Some code to ensure newly-spawned windows are always close to the mouse, with some bonus presentation animations
Windows doesn't have an equivalent to TestFlight, but it does allow you to do private, whitelisted store submissions before shipping publicly, so I'm gonna start the ball rolling with this build of Pastel to make sure everything's in order
(That's where the Electron version of Broadcasts for Windows has lived since 2020 🙃)

And, since the usage stats part is always worth mentioning:

I've used maybe 40% of my weekly Codex credits building this Windows port of Pastel (never hit the five hour limit), I'm on the $20/mo ChatGPT Plus plan, and I've only used 'gpt-5.3-codex medium'

In case you ever wondered how long the publishing process is on the Windows Store: that long
One of the reasons I picked Pastel for this project was because I had built some initial concepts some years ago and determined that it would look the most native in Microsoft's Fluent Design design language, and would be the easiest bringup. Windows 11 and macOS 11–15 look incredibly similar, and already share many of the same patterns and elements. It would be a great opportunity to do a Windows 11 app right and make a gorgeous app (i'm biased) in the process

TIL, the Windows App SDK back-deploys to older versions of Windows 😯

With just a little finagling I was able to remote-deploy* Pastel to a Windows 10 VM, and it appears to be fully-functional.

(*Hey Apple, would it kill you to add remote-deploy tools to Xcode?
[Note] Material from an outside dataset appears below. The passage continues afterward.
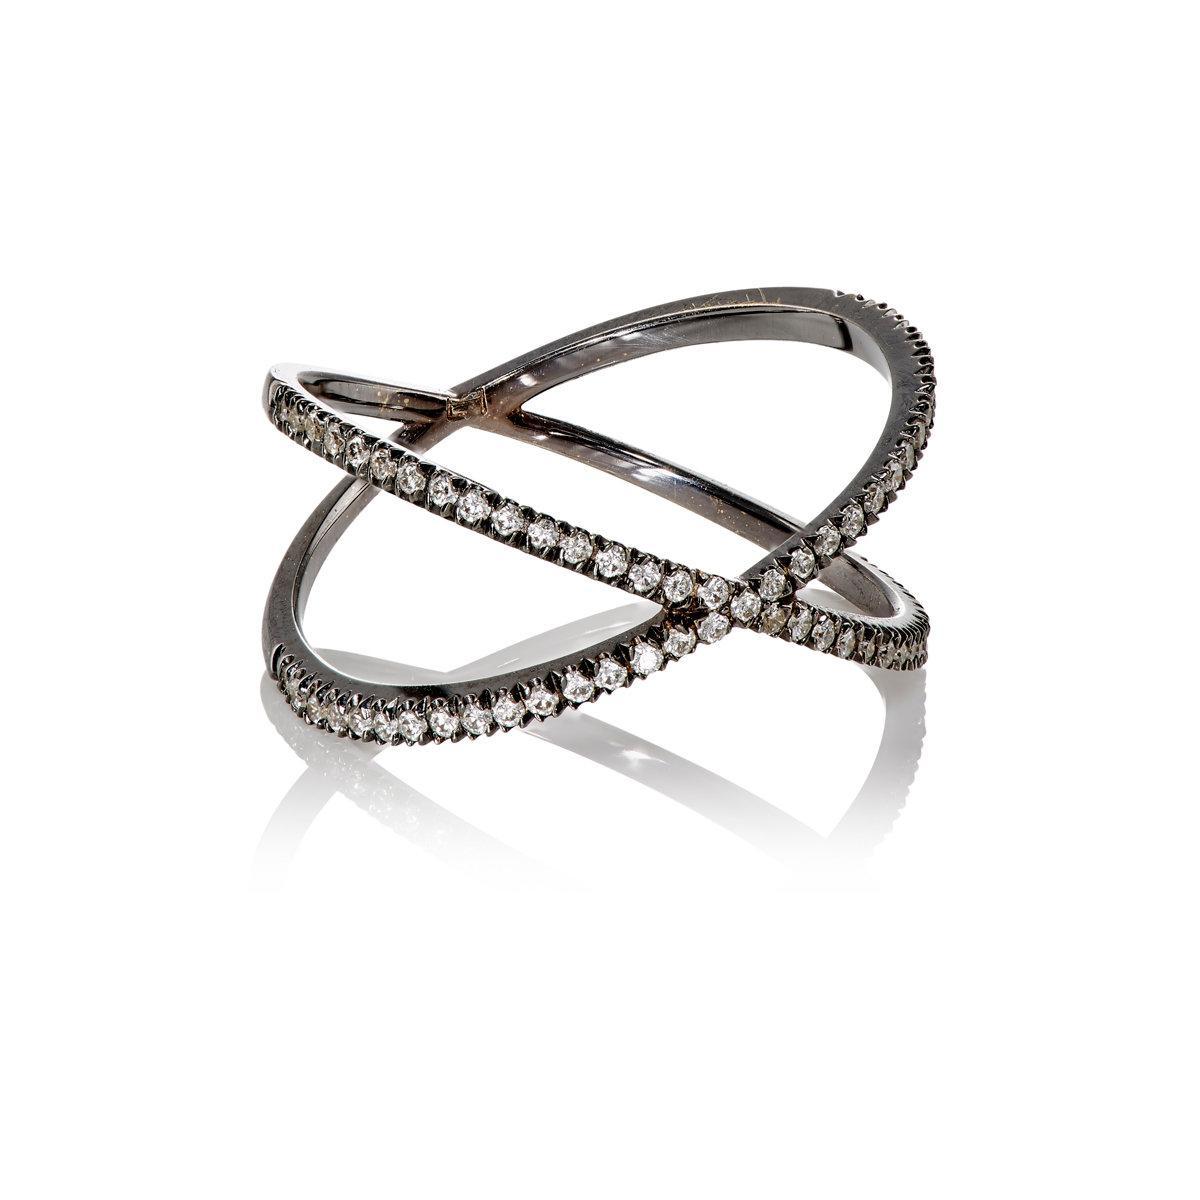 Eva Fehren The Fine Shorty ring - Metallic KjeY0yY

Or… macOS VMs?)

Going back to Windows 10 after not having used it for a while is quite a shock. It's a lot closer to Windows 8 than I remembered 👀

I do not miss this design language at all. Windows 11's Fluent is such an improvement

I was using a WinUI TeachingTip to replicate macOS-style popover behavior, but that's an in-window control and just doesn't work at all if the window isn't big enough to fully display it. So now I have a custom color picker window that does all the right things instead
WinUI also includes a content unavailable view, one of my favorite recent API additions to UIKit
I know Microsoft has had a revolving door of UI frameworks over the years, but I really think the Windows App SDK finally gets it right at a fundamental level. It's just a pity nobody makes native Windows apps anymore. And even more of a pity that there's no phone/tablet platform as part of this effort
@stroughtonsmith it doesn’t help that most native Windows development is happening on existing applications and Microsoft has burned a lot of goodwill over the years; why would I throw out 10+ years of stable legacy code for a framework that may not be supported in a few years

@scj @stroughtonsmith I’ve been sorta following Microsoft UI since the 90s and uh yeah the graveyard is long.

On the other hand, they *do* support stuff for a long time even thoug they stop developing them further. You can still use .NET WinForms, makes me want to try to find some of my projects from 20 years ago.